Николас надевал халат, застегивал пуговицы, по-прежнему глядя в окно. Сделал кофе, пил его, стоя у занавески. Потом мыл руки, смотрел в зеркало над рукомойником. Тихо играло радио. Николас вытер руки медицинским «вафельным» полотенцем.

Когда Катя вошла в массажный кабинет, она оцепенела от того, кто оказался доктором. Когда Володя предложил ей расслабиться, заняться собой и сходить на массажные процедуры, он и словом не обмолвился, что массажистом будет… Яворский.

Когда она вошла в кабинет, он глянул на нее исподлобья, и какая-то невообразимо дикая усмешка исказила его тонкие губы. Она сказала: «Кажется, я ошиблась. Мне к массажисту» – и направилась обратно к двери. Он сказал: «К сожалению, вы пришли по адресу, массажист – я».

– Да что вы? – едко так произнесла Ковалевич, собирая последние силы, чтобы не выдать голосом своей… своих… мыслей.

Яворский снова усмехнулся, сказал: «Но если вы не хотите… видеть меня в этой роли, я могу не тратить на вас время и лучше пойду выпью кофе».

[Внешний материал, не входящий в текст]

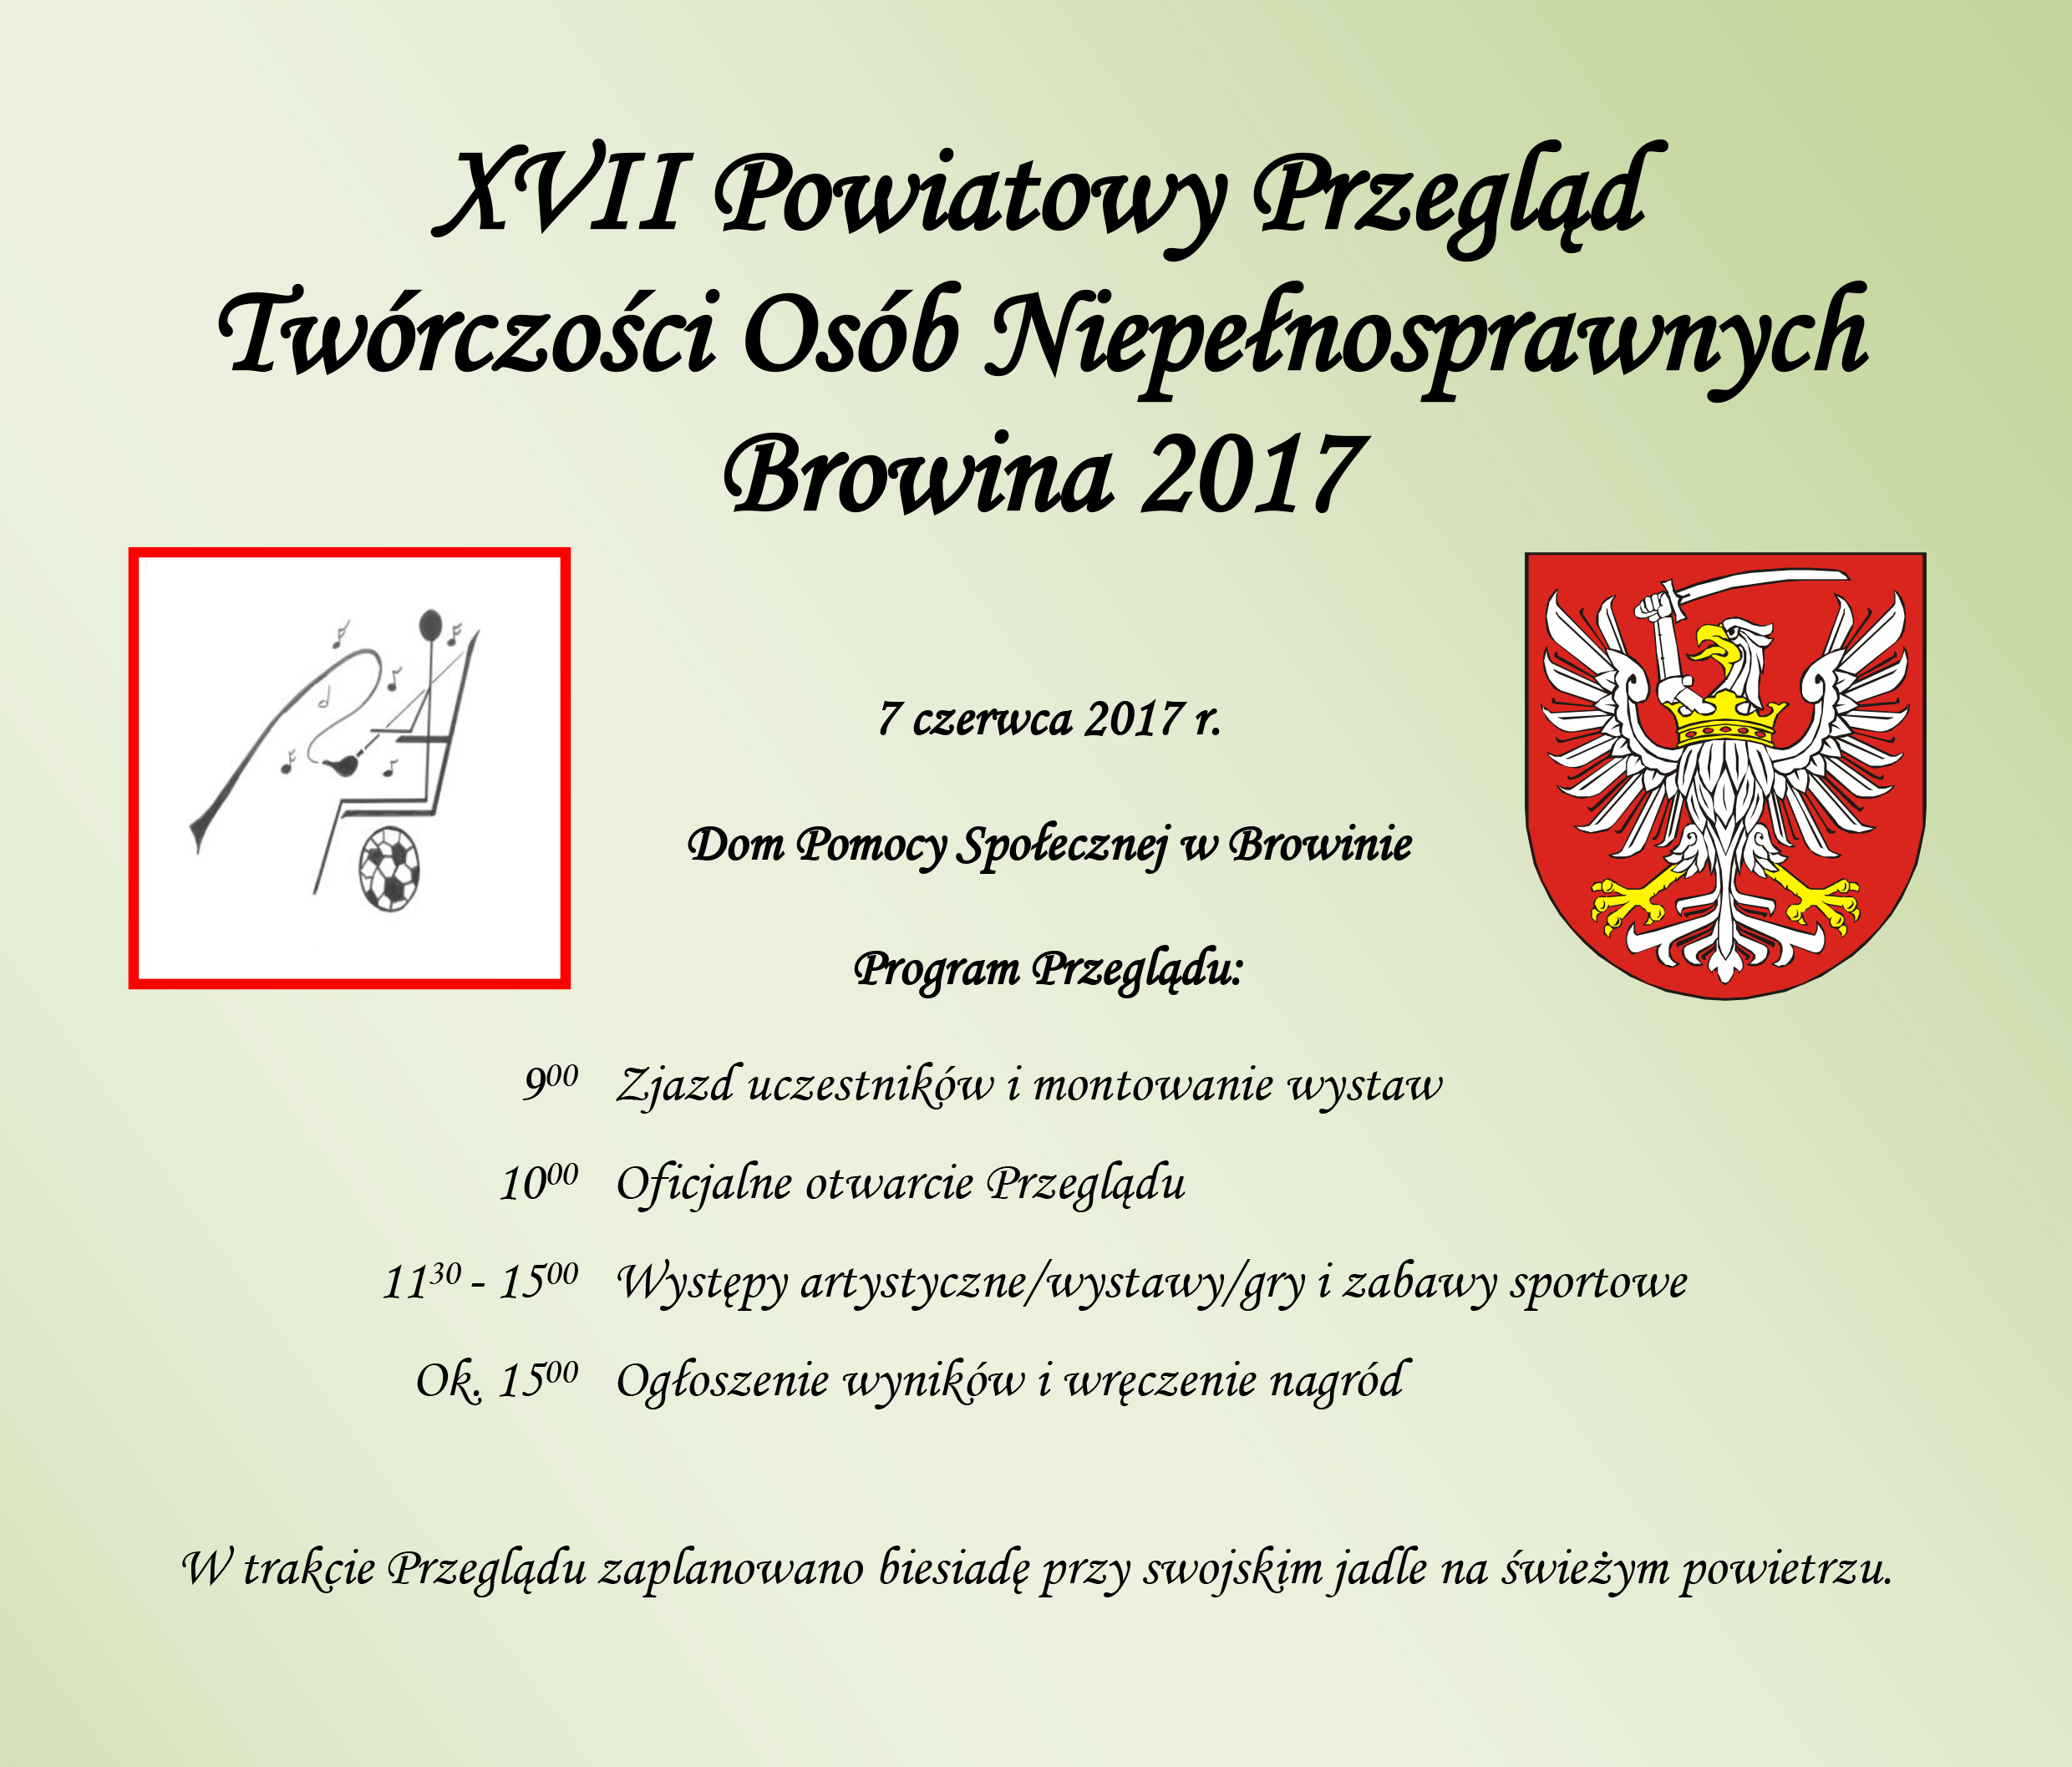 XVII Powiatowy Przegląd Twórczości Osób Niepełnosprawnych Browina 2017

«Ничего не выйдет, – сказала она. – У меня массаж, а вы врач. Так выполняйте же свою работу». «Ну что ж, придется пожертвовать обедом» – сказал после недолгого внимательного разглядывания стоявшей перед ним – и указал на кабинку для переодевания.

Частный кабинет был не очень большим. Обыкновенная комната с жалюзи на окнах, оборудованием, кушеткой и умывальником для рук.

«Отвернитесь», – сказала она. Яворский стоял спиной к окну. При ее словах он обернулся. Она, поднявшись на цыпочки, выглядывала из-за ширмы.